The phyDat object is remarkably similar to the DNAbin object - this isn’t too surprising, since the same team wrote both ape and phangorn.

R BASICS

If you are pausing your R environment on AnVIL (or have not closed an R session), you may still have all the objects you created previously still available. To check this, you can use the list command.

ls()

R will print all the objects that are still stored in the workspace.
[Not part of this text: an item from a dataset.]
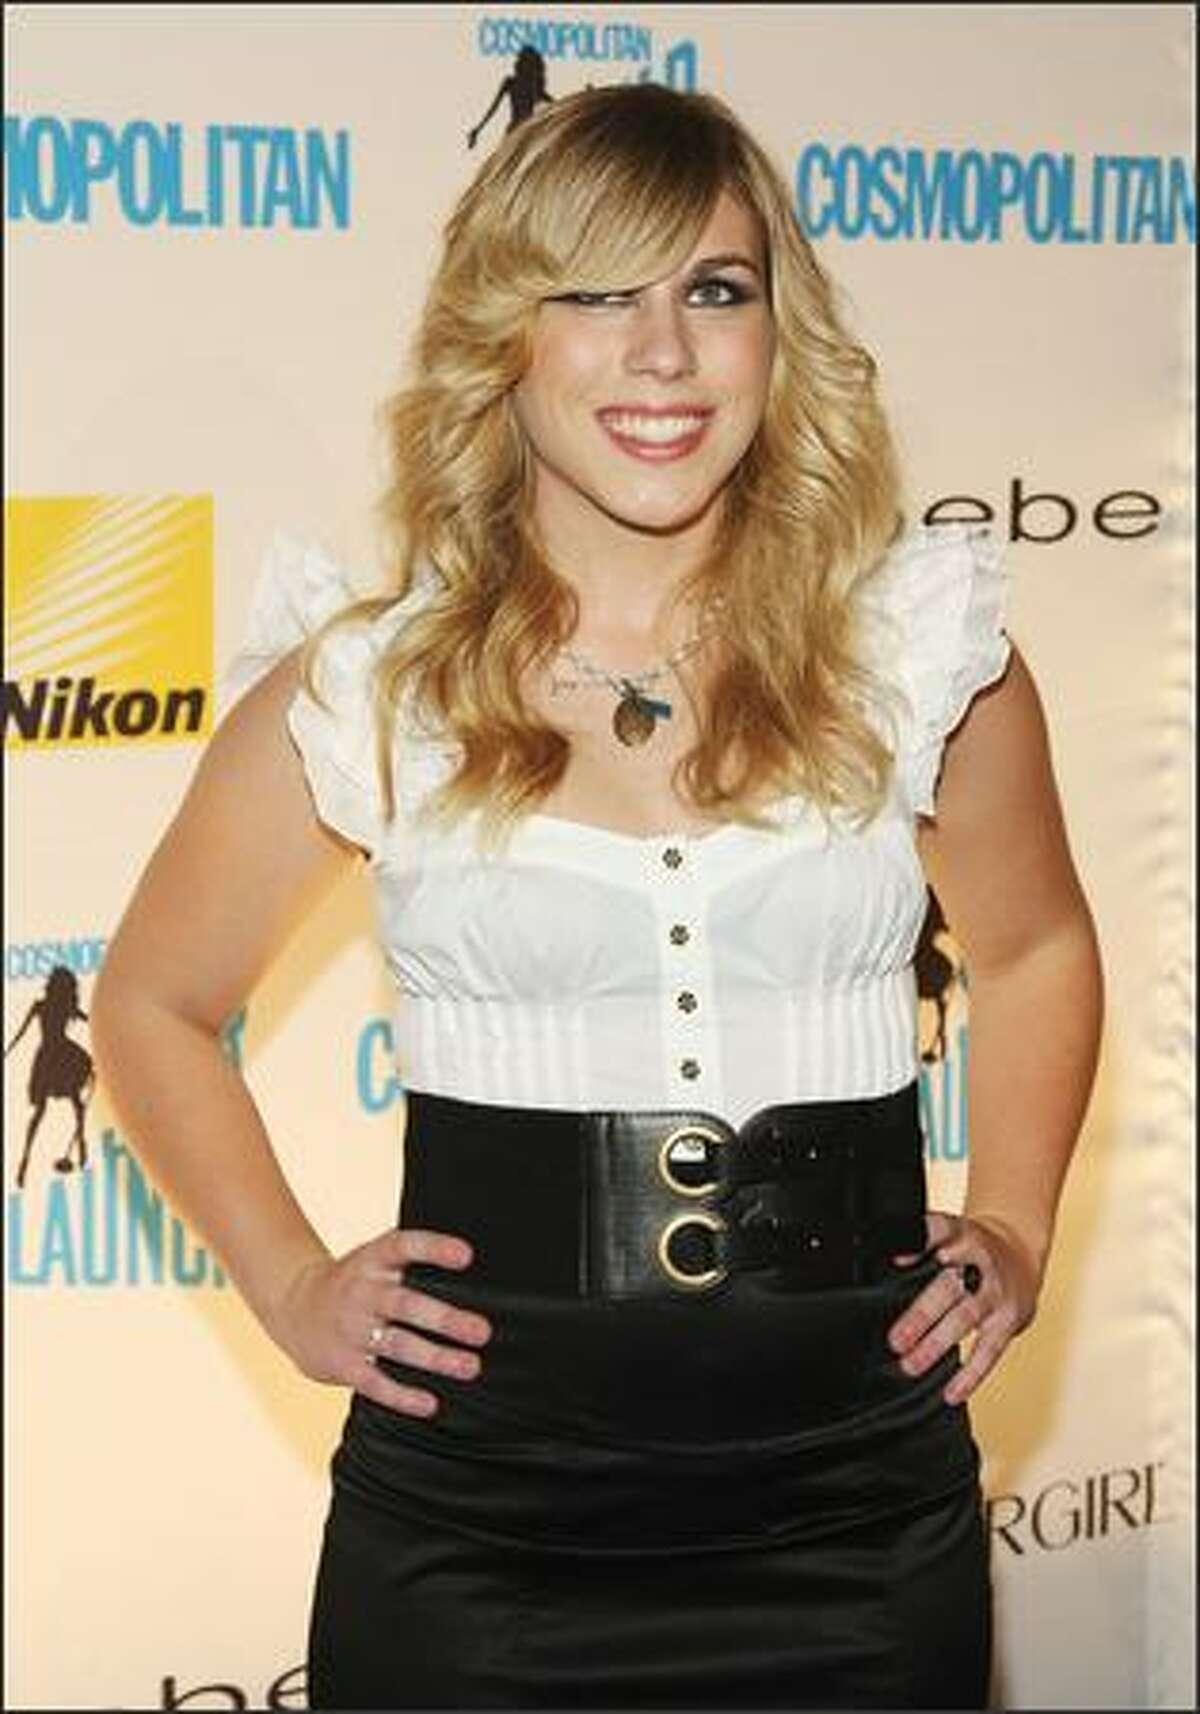 Singer Alexa Wilkinson attends the Starlaunch Finale concert.
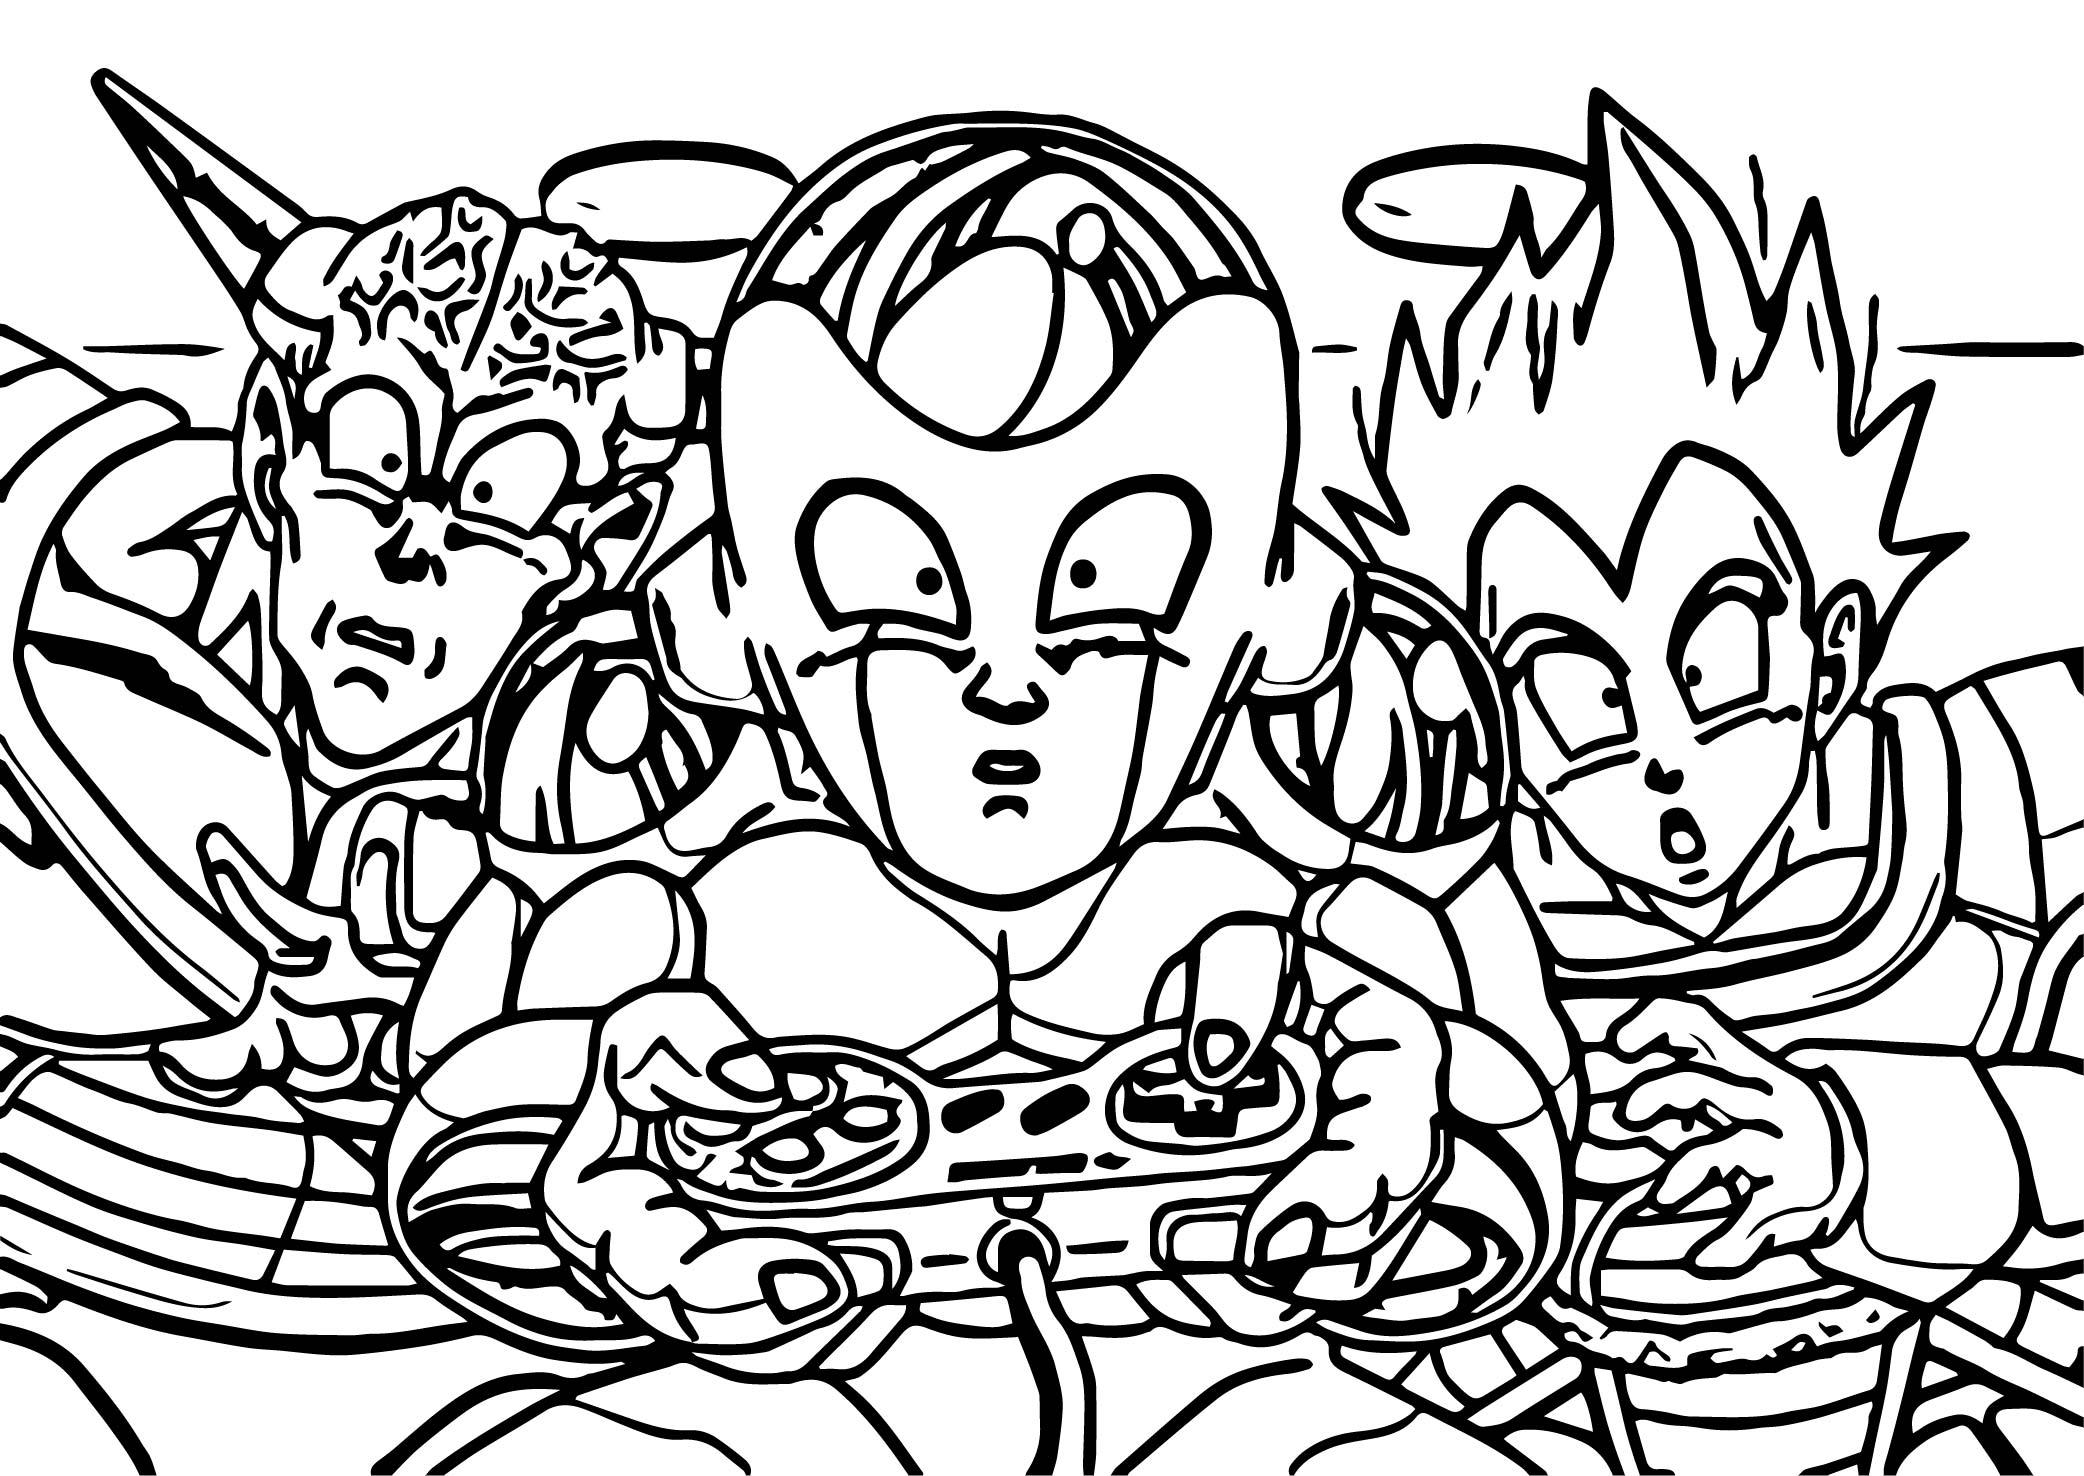 2084x1476 Cartoon Comic Dragonball Z Controller Super Nintendo Coloring Page

If you see your aligned DNAbin object (which can also bee seen in the Environment tab in the upper right box of RStudio), you can directly convert it to a phyDat object instead of loading the fasta file first.

13.2 Choosing a substitution model

phangorn can test our data against 24 different substitution models to determine which is the best fit. We first have to create a “guide” tree. (In future releases of phangorn creating this tree won’t be necessary, but for now it doesn’t take much extra time to create a tree.)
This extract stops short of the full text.